Your reply is to be the lines below, exactly as written, with images omitted.

- THE DATA:
=-=-=-=-=

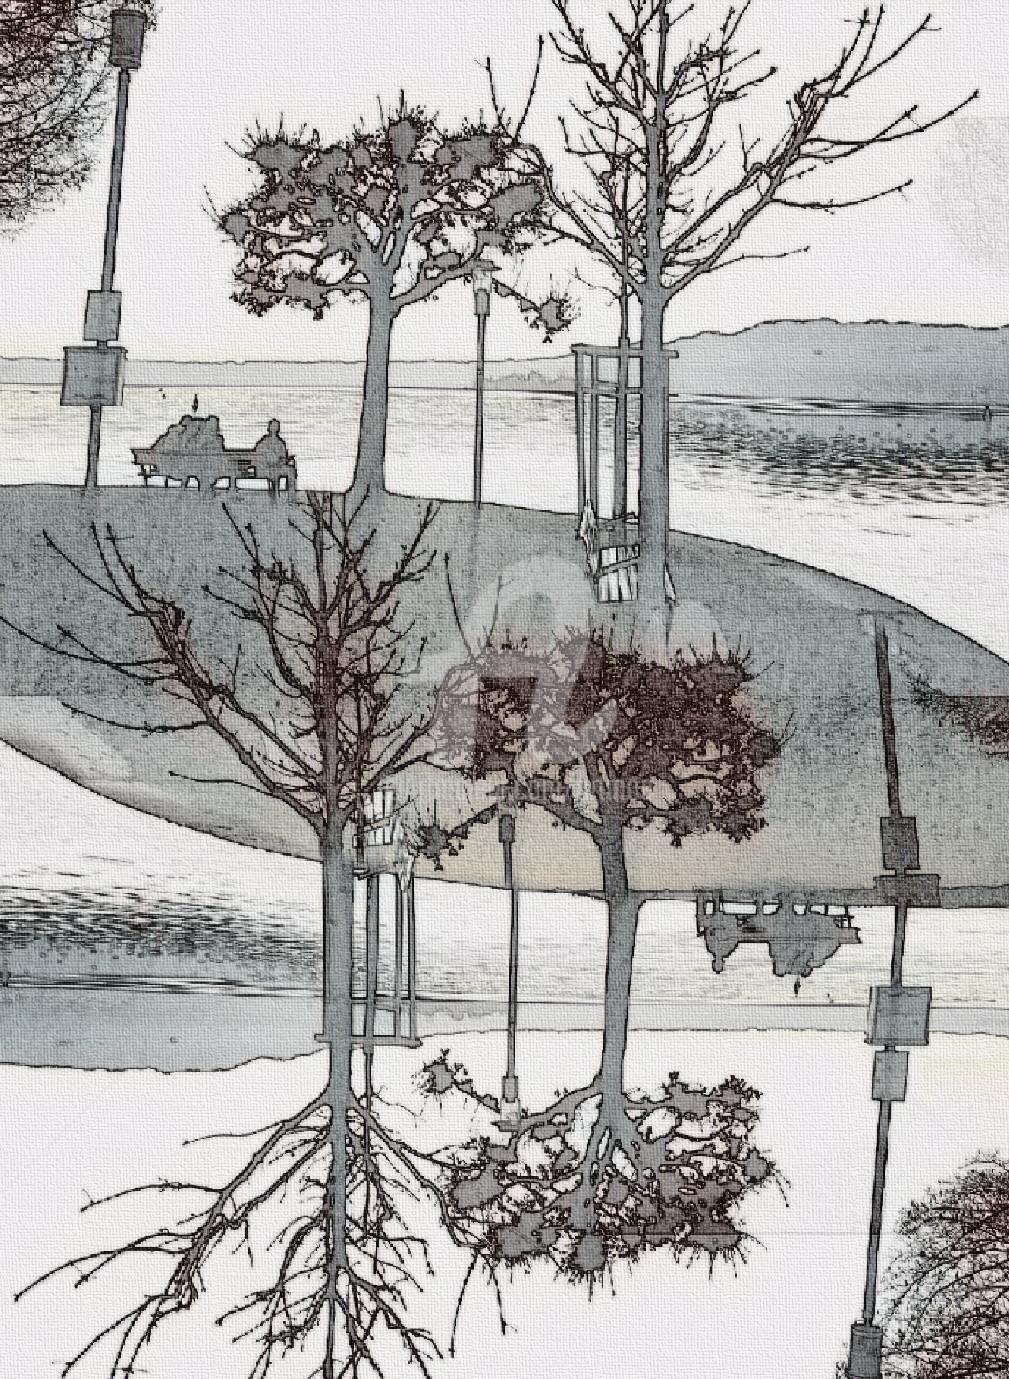 Art Moé - The Lake
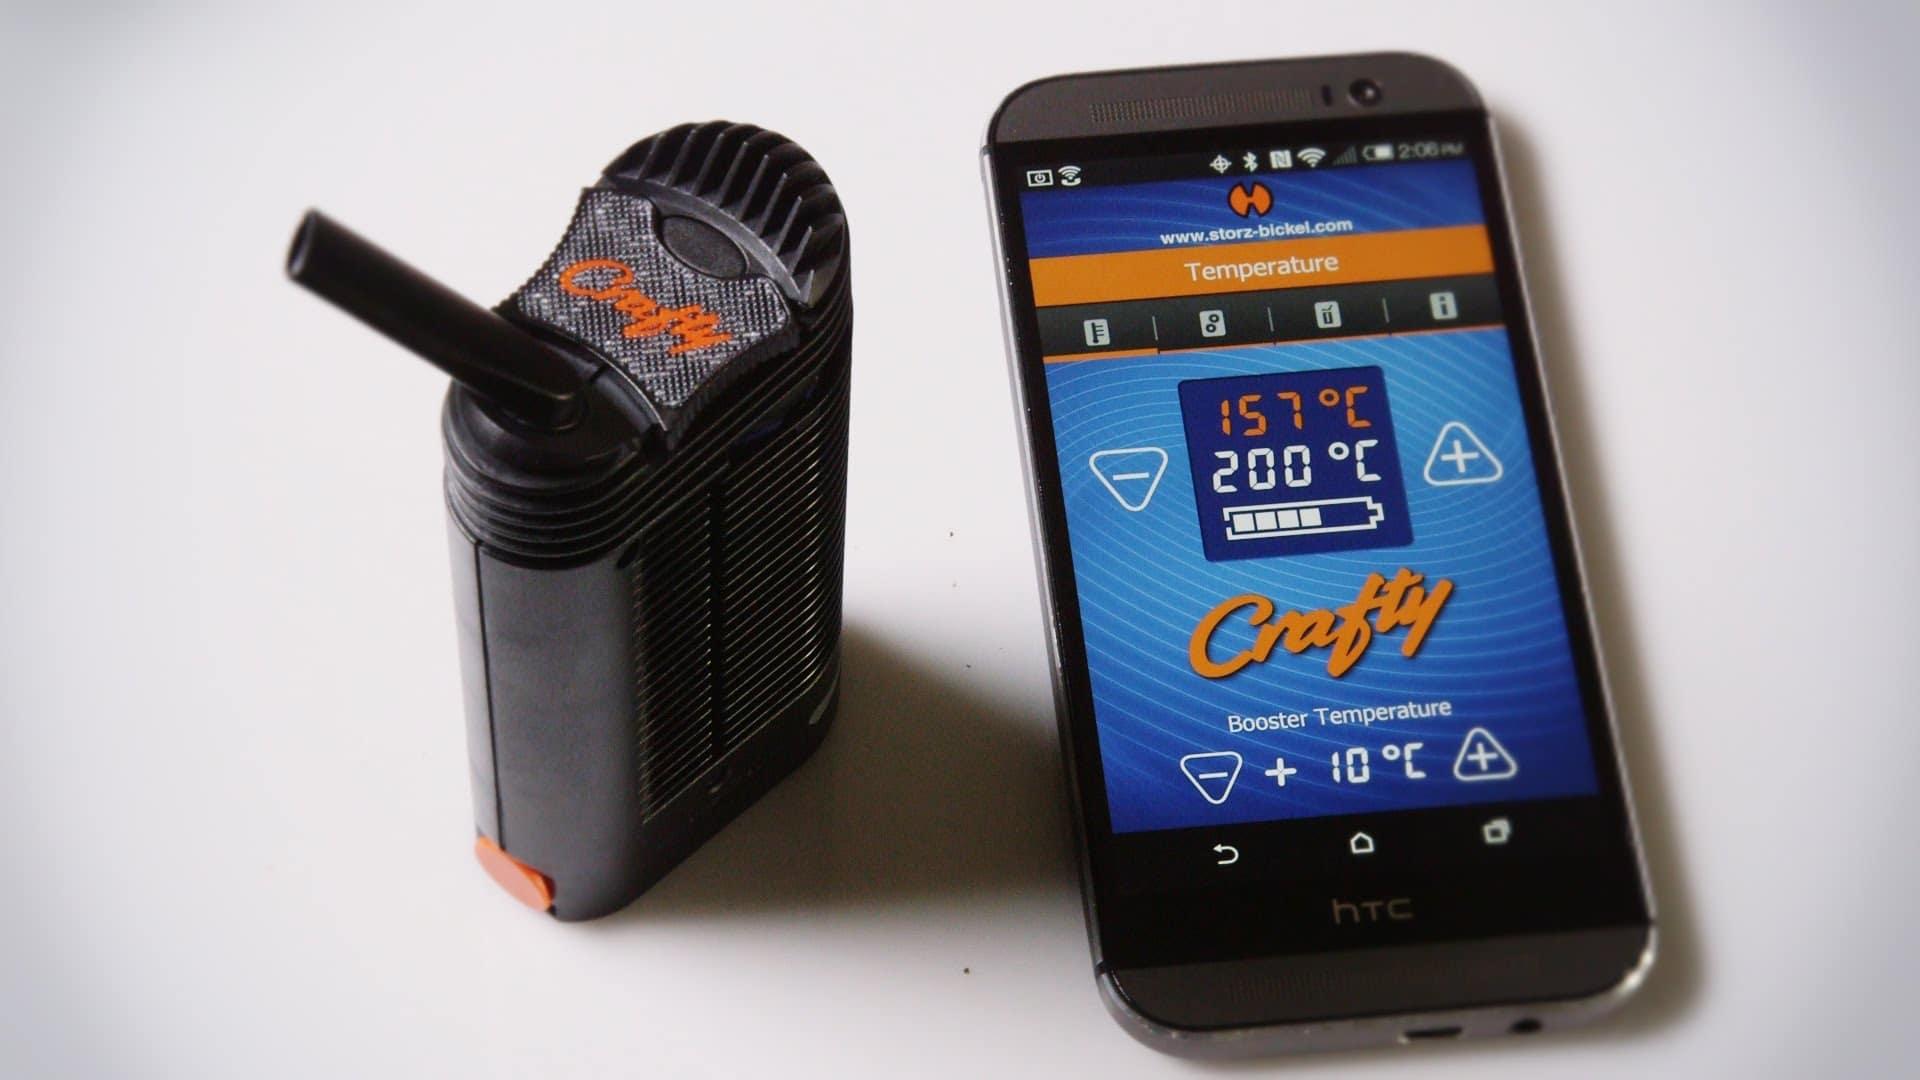 Crafty vaporizer Smartphone
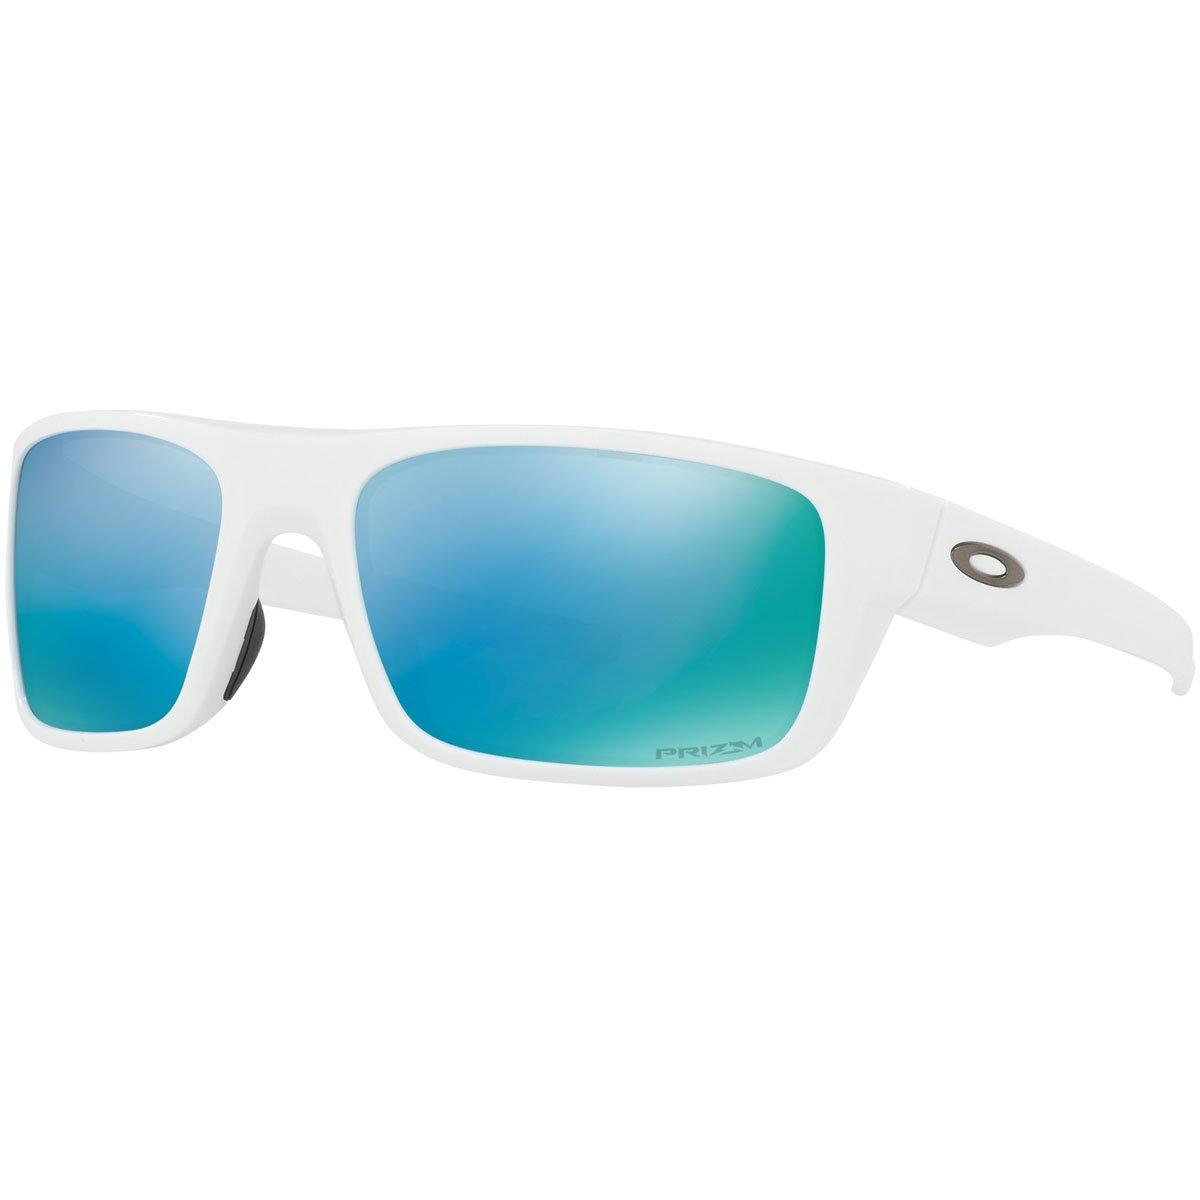 Oakley Men's Drop Point Polarized Sunglasses, Pol Wht/Przm Deep WaterPol,OS

=-=-=-=-=

- TASK OUTPUT:
 Art Moé - The Lake
 Crafty vaporizer Smartphone
 Oakley Men's Drop Point Polarized Sunglasses, Pol Wht/Przm Deep WaterPol,OS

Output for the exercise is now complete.